The tears were filling my eyes before the question was fully out of his mouth. Wiping at the tears that escaped, I nodded and then answered his question verbally.
“My brothers were so protective, always on guard and alert, but one day my father had an opportunity and he took it. I’m just lucky that they came home before he had the chance to rape me. He touched himself, touched me, but by the grace of God he didn’t get to violate me that way. The thing is… no one knows because I’ve never told anyone in my family. The first person I ever told the story to was Marissa. I used to be a lot like her, Dillon. Problems being touched, issues with intimacy, depression and anxiety. She was the one who helped me start to work my way through all of that. Now I realize that I am strong enough to survive and I will never let what he did ruin me.”
It felt so good to tell him, to open myself up to him completely. I leaned into his hand when he cupped my face and used his thumb to wipe away my tears.

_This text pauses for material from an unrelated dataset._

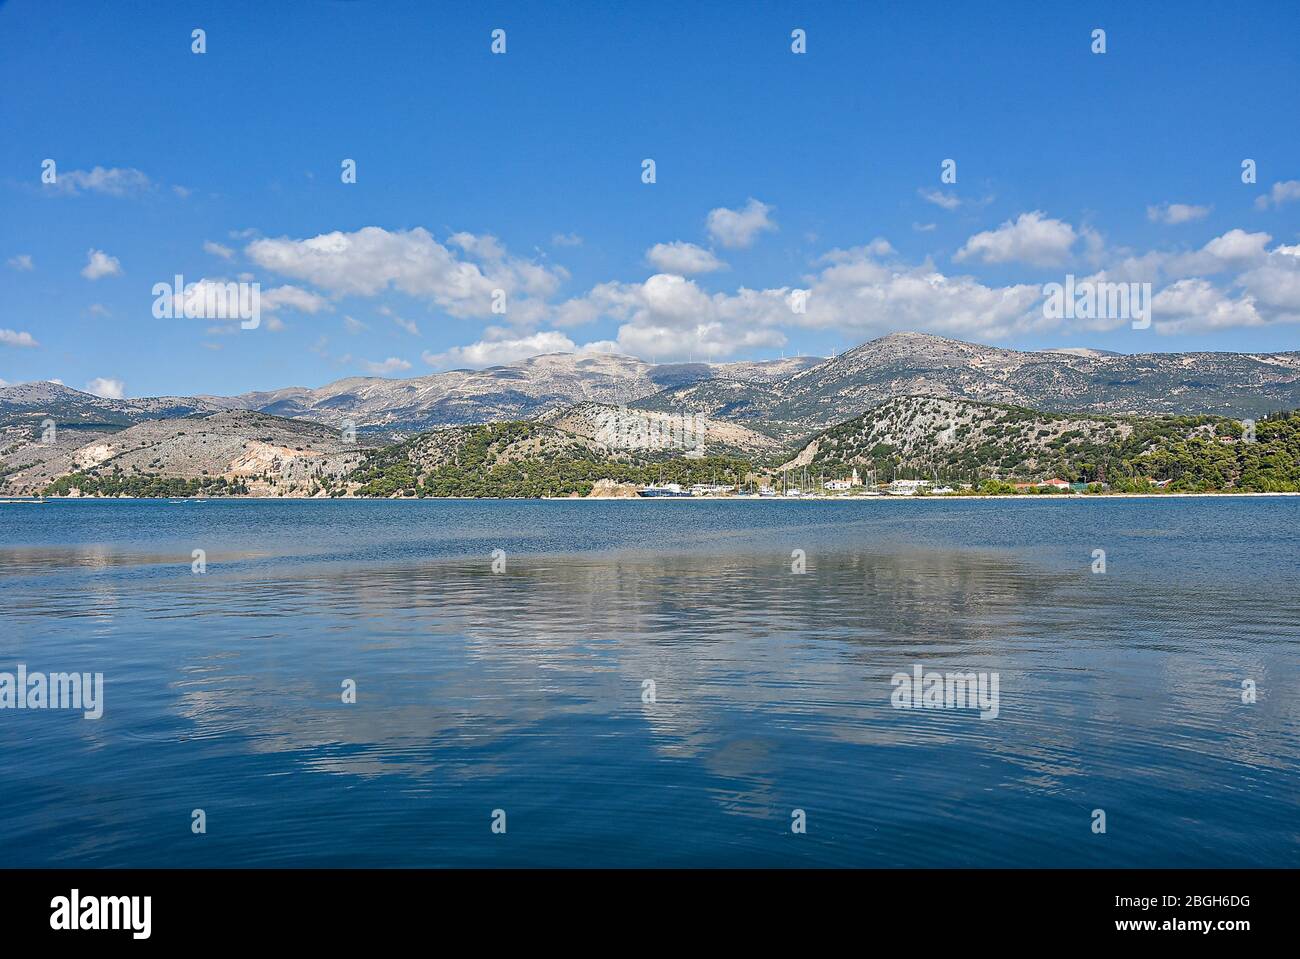 Una vista su una bella vista da Argostoli, con montagne sullo sfondo riflesse nel mare Foto Stock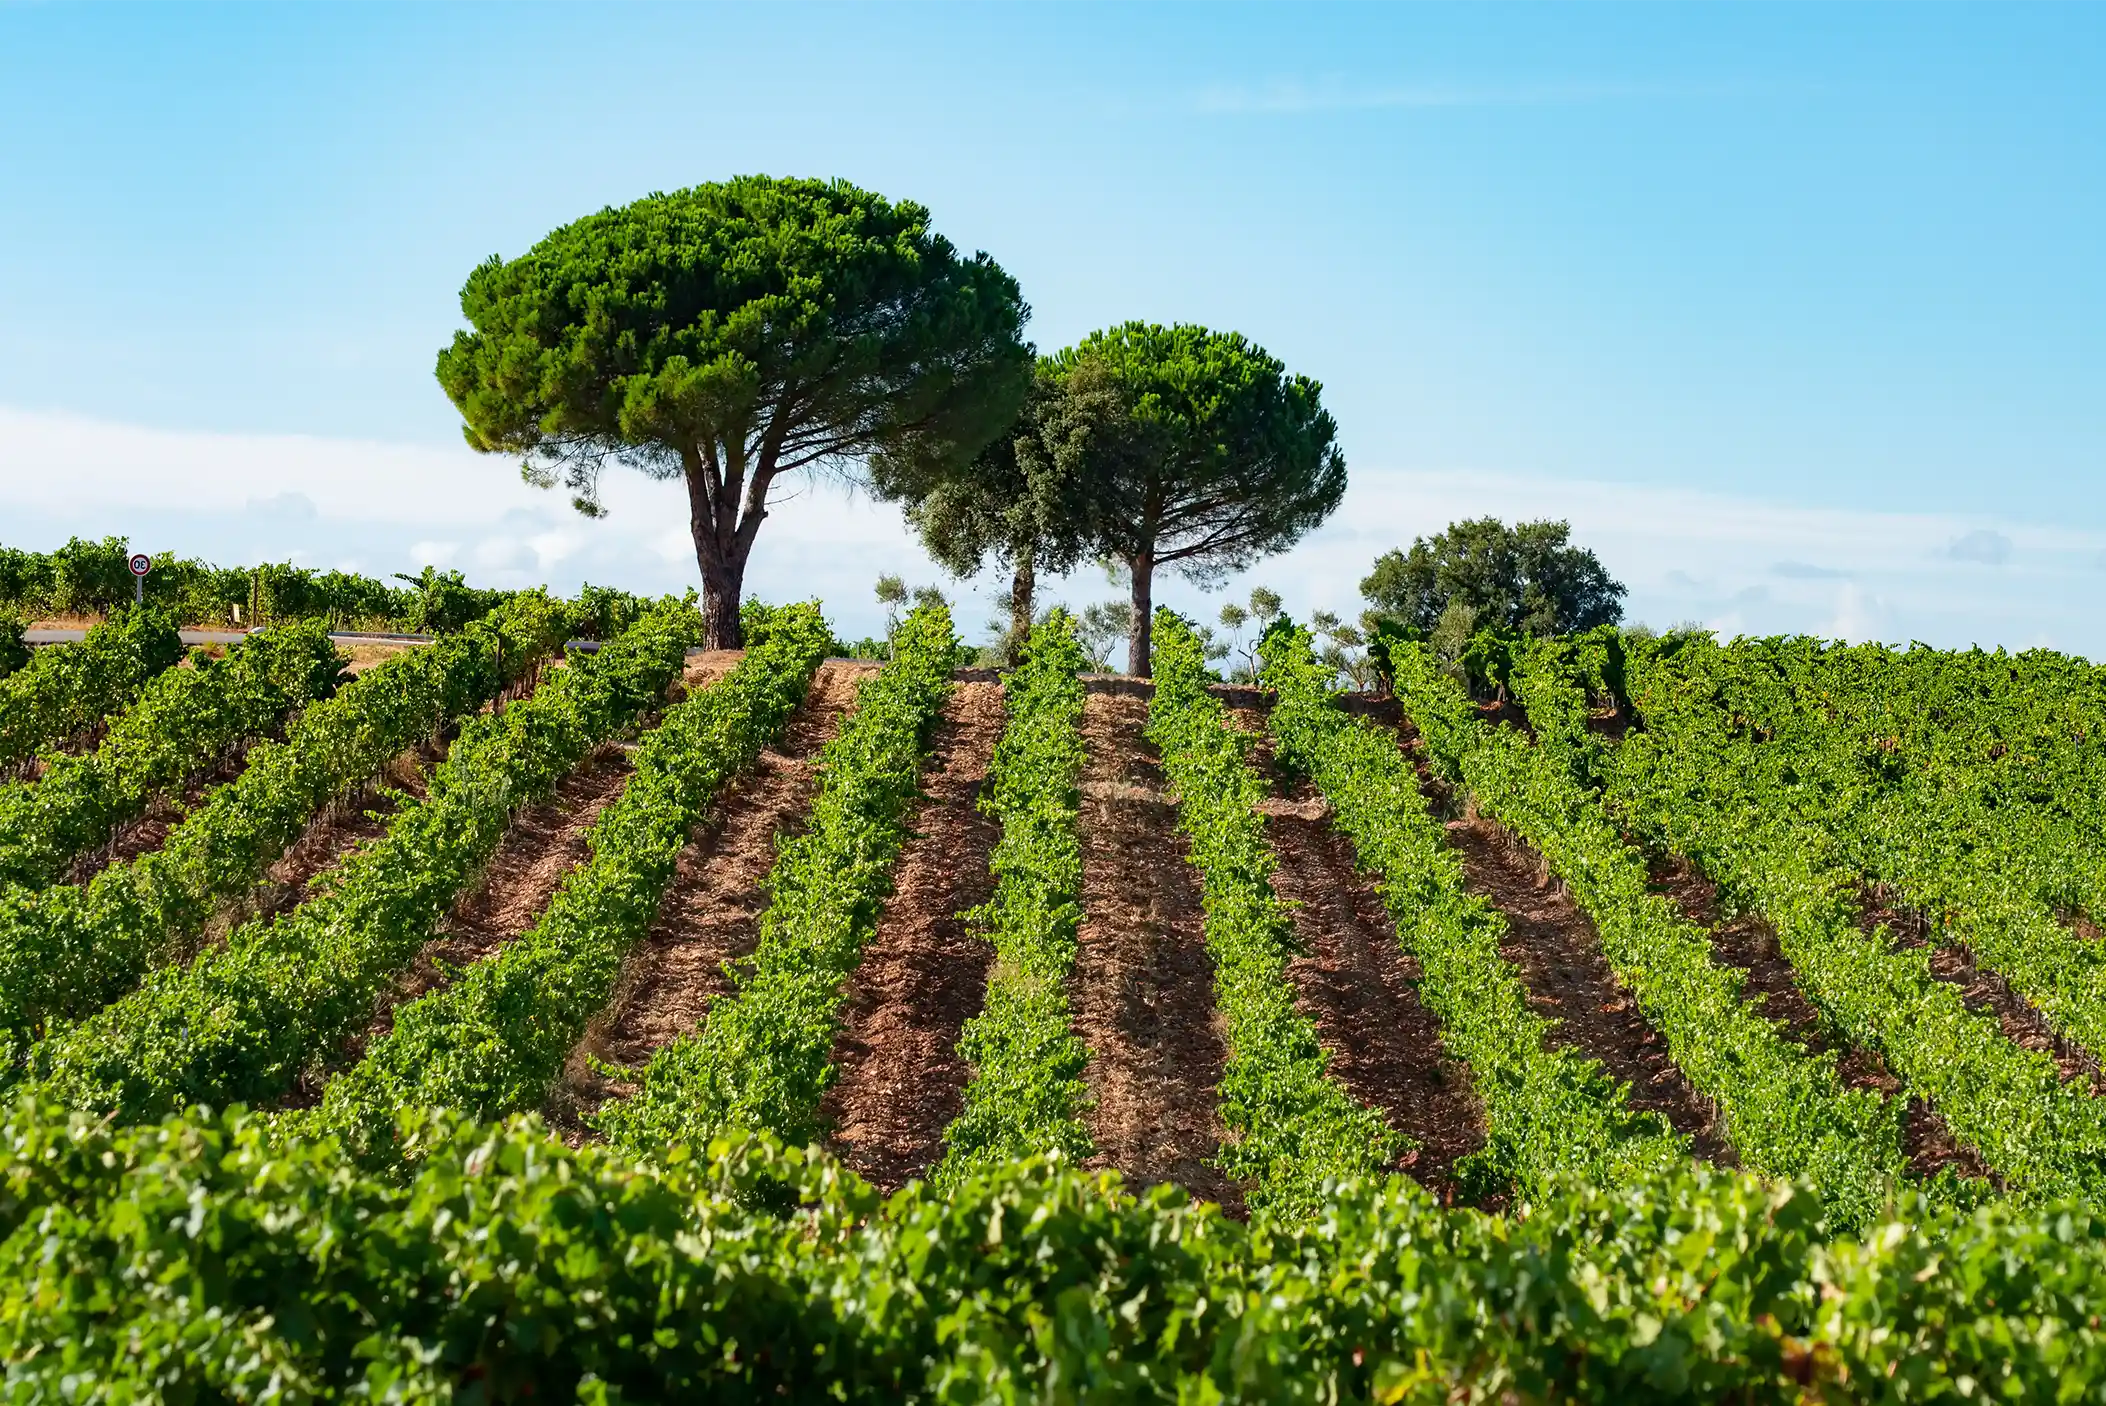 Vineyard in Bandol France.

“You amaze me Dominique. You’re easily one of the strongest people that I’ve ever known, and although I realized that long before today, I am more in awe of you than ever. I’m sorry that he touched you baby, but I want you to know that I’m damn proud of you for not letting it destroy your life. I hope you aren’t keeping this from your family because you think that it was somehow your fault.”
It was a bit of a shock to realize that I really wanted to be wrapped around him right then, but instead of second guessing myself I sat up and climbed into his lap. When he wrapped his arms around me and put his cheek on the top of my head I melted into him.
“For a really long time, I did think it was my fault. But now that I’m older, I understand that he would have done the same thing to my sister or any other person that he could have gotten his hands on. My father was a monster who lived to assert his dominance and make people feel inferior. He broke people as a hobby, I was just in the wrong place at the wrong time.”
“The reason that I’ve never told my family is that they had to deal with enough. When I say that they gave up everything for my sister and me, I’m not exaggerating. I’ve never seen a reason to tell them because all it would do is make them feel guilty.”
Hugging me tighter he answered, “Honey, something terrible happened to you. You must have needed support all of these years. Your brothers must be a lot older than you to have raised you, so I’m sure they would have handled it.”
I swear that I felt a physical shifting inside my body as my heart opened the door to Dillon. He wasn’t just a great guy, a hot guy, a nice guy, a smart guy… he was the guy that I was falling in love with.